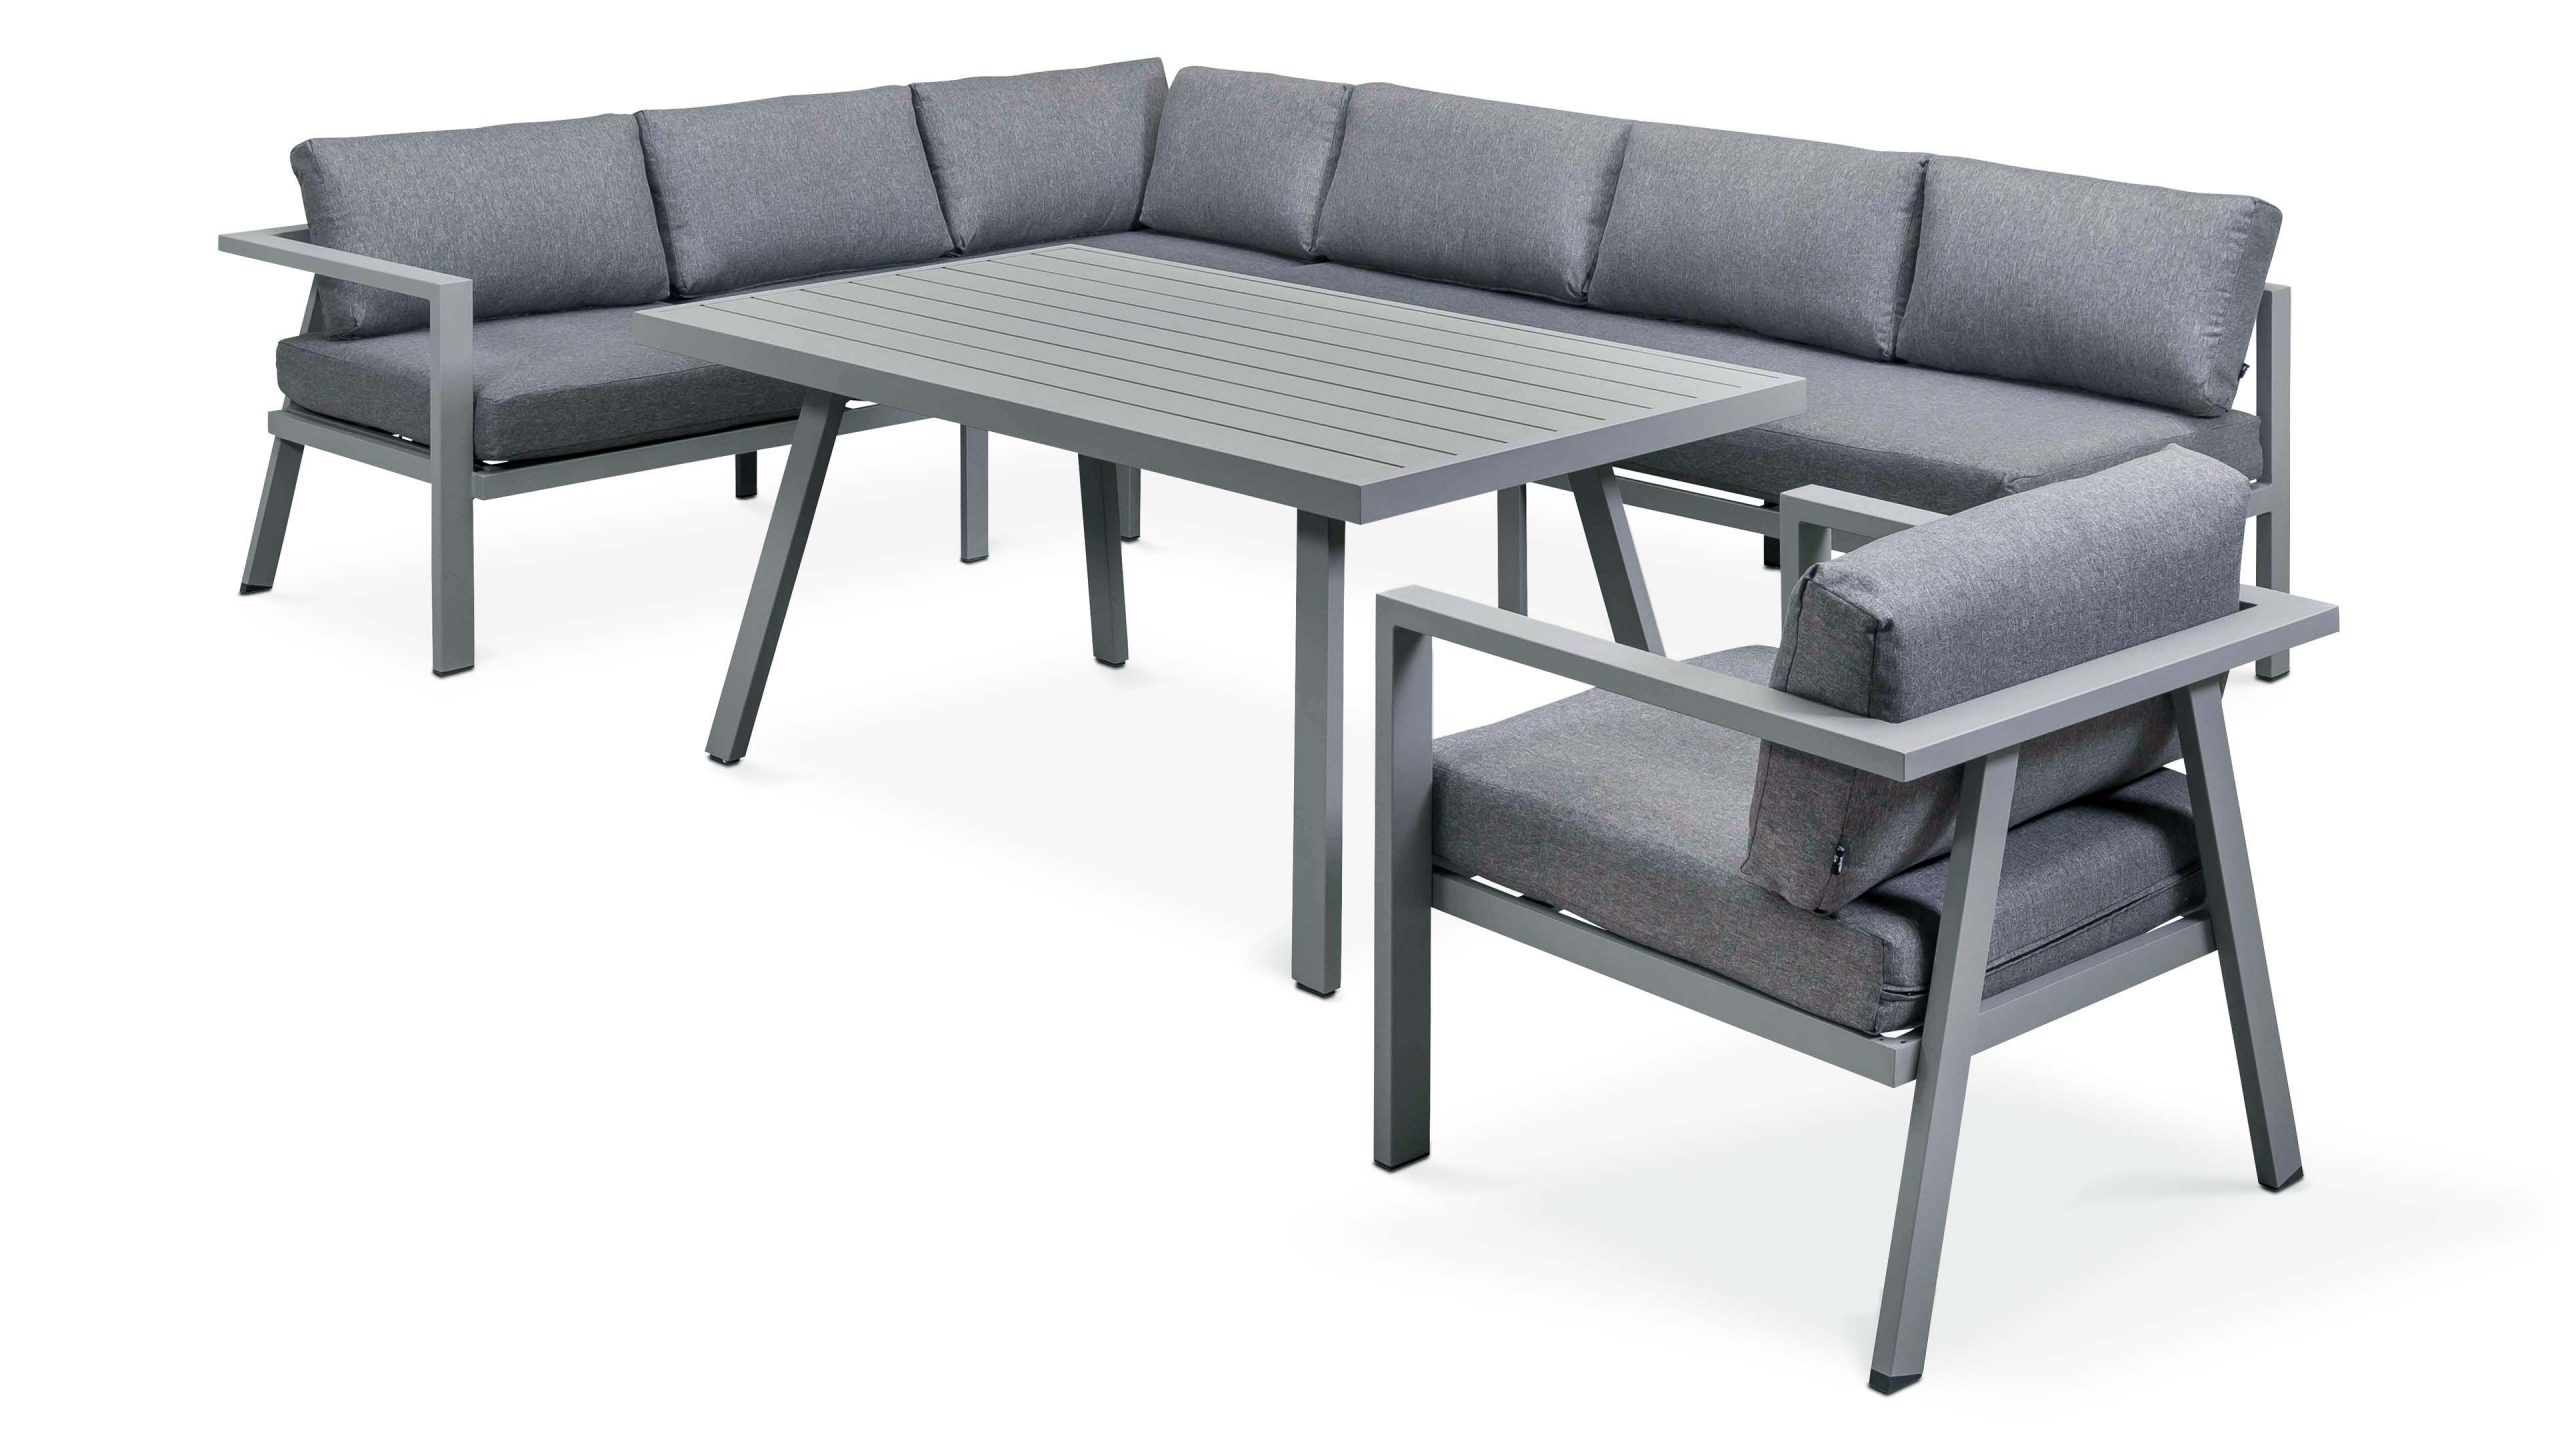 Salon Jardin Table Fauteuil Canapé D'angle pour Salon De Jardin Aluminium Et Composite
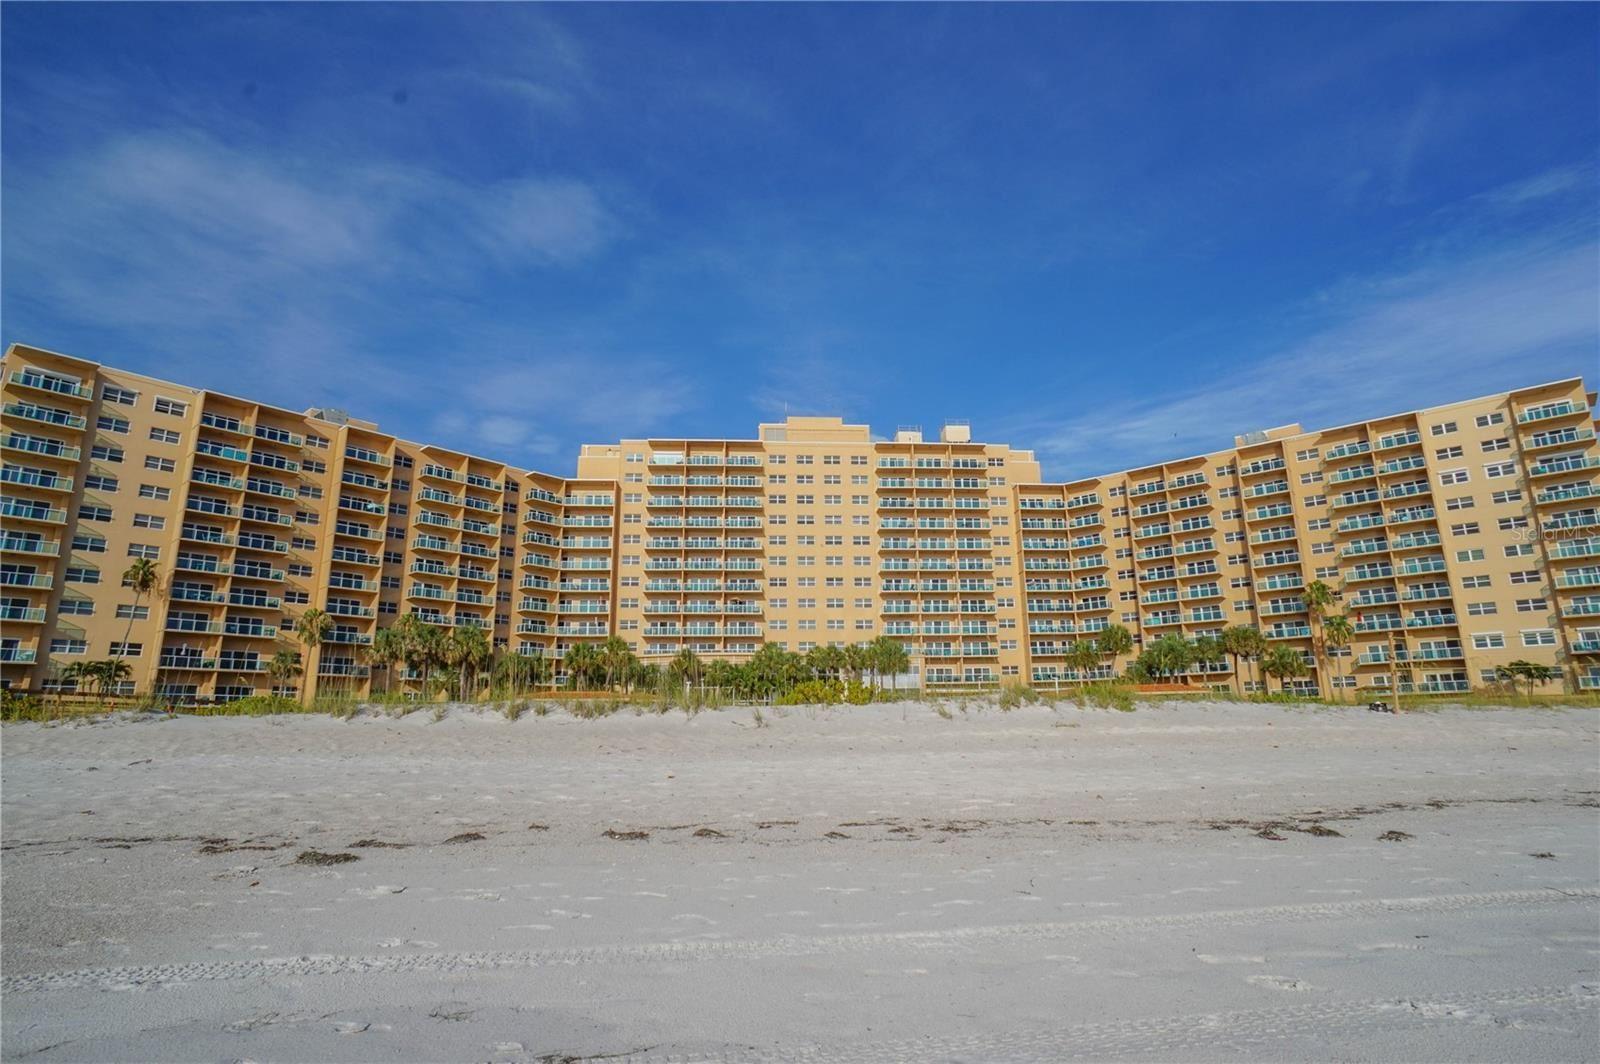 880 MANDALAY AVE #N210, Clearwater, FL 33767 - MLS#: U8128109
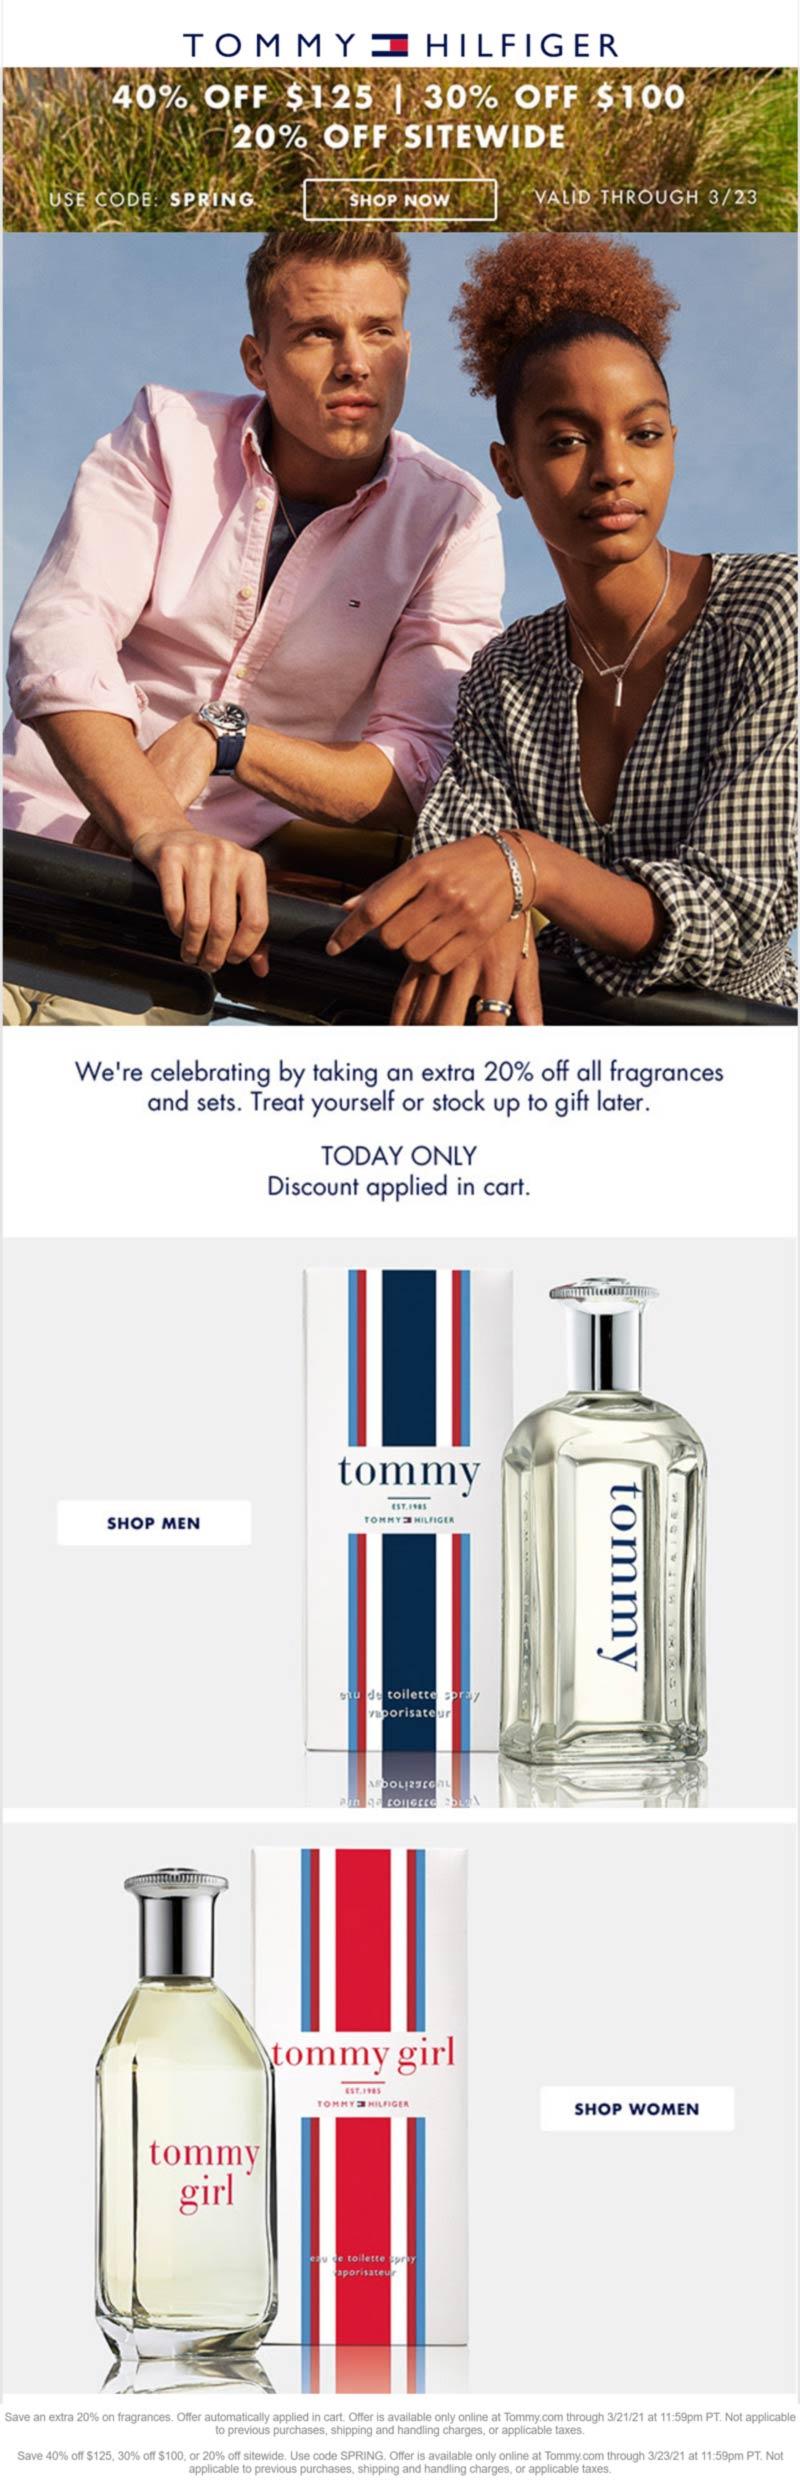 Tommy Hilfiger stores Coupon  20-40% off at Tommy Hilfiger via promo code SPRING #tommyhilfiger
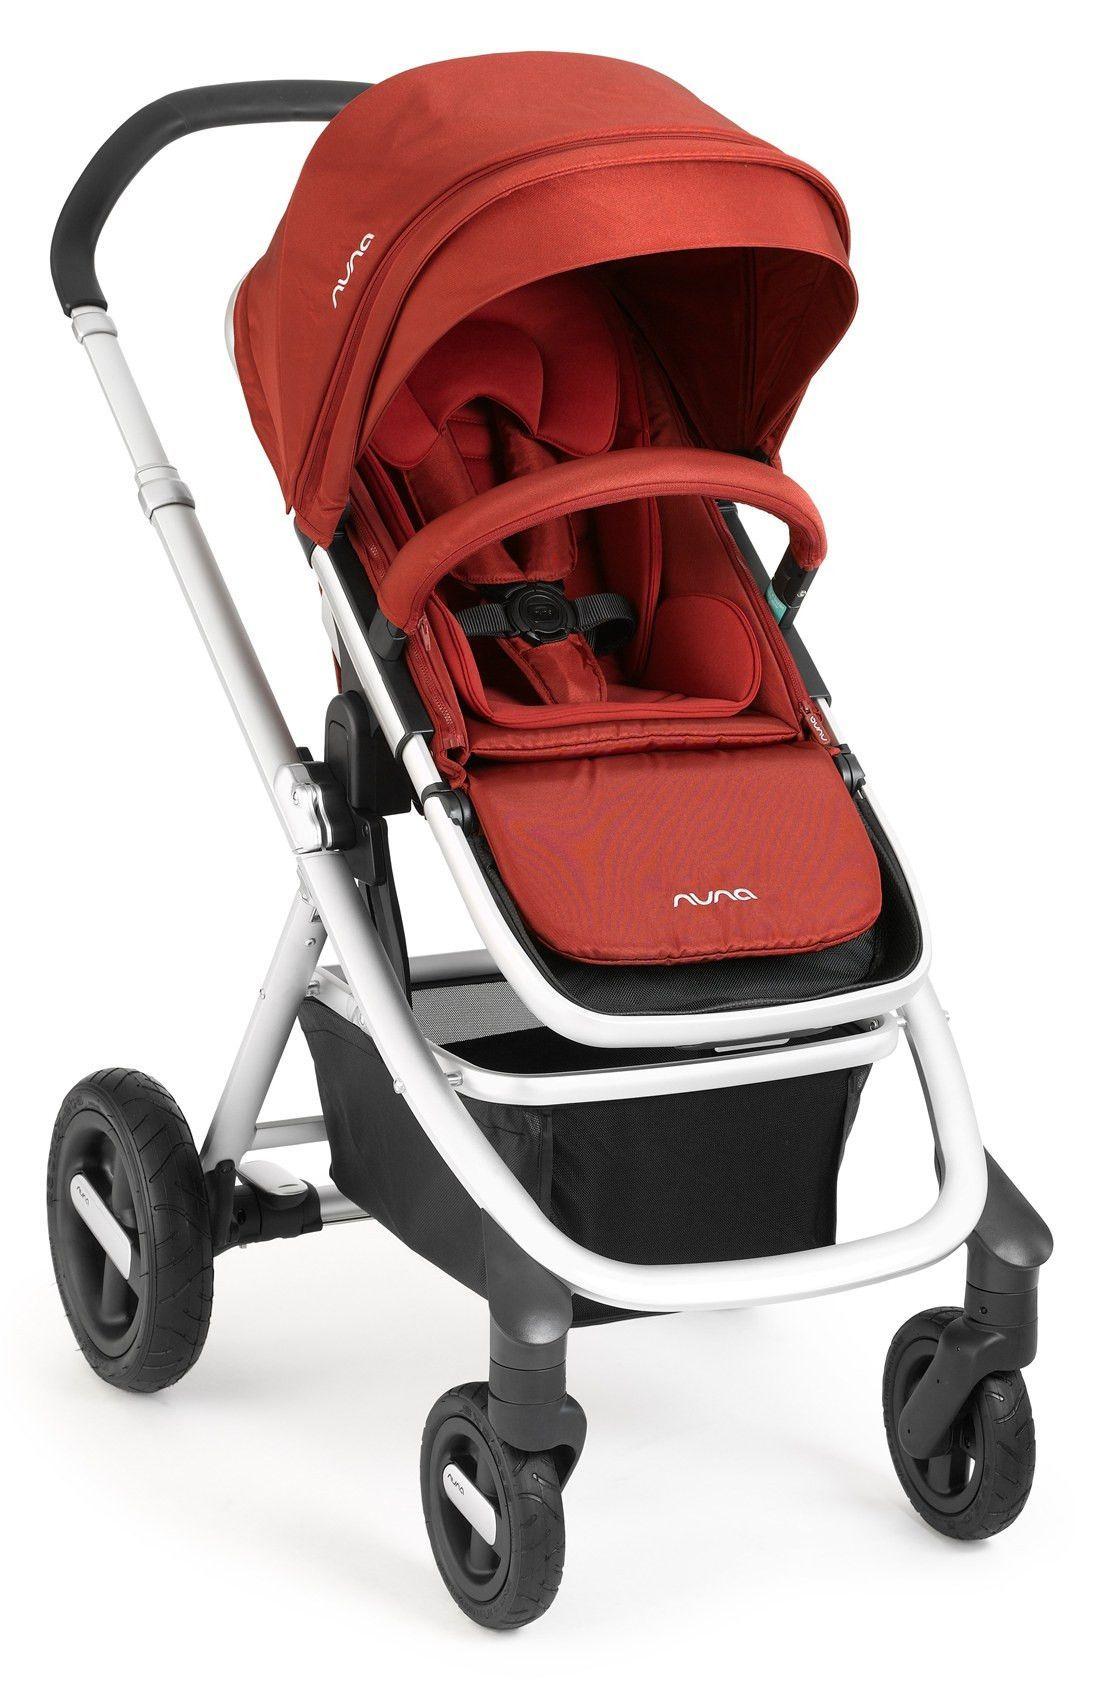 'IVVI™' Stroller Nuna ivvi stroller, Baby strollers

→ **REQUIRED WORK**:
Without the pictures, write out the listing exactly as it appears above.

→ **RESULT**:
 Salon Jardin Table Fauteuil Canapé D'angle pour Salon De Jardin Aluminium Et Composite
 880 MANDALAY AVE #N210, Clearwater, FL 33767 - MLS#: U8128109
 Tommy Hilfiger stores Coupon  20-40% off at Tommy Hilfiger via promo code SPRING #tommyhilfiger
 'IVVI™' Stroller Nuna ivvi stroller, Baby strollers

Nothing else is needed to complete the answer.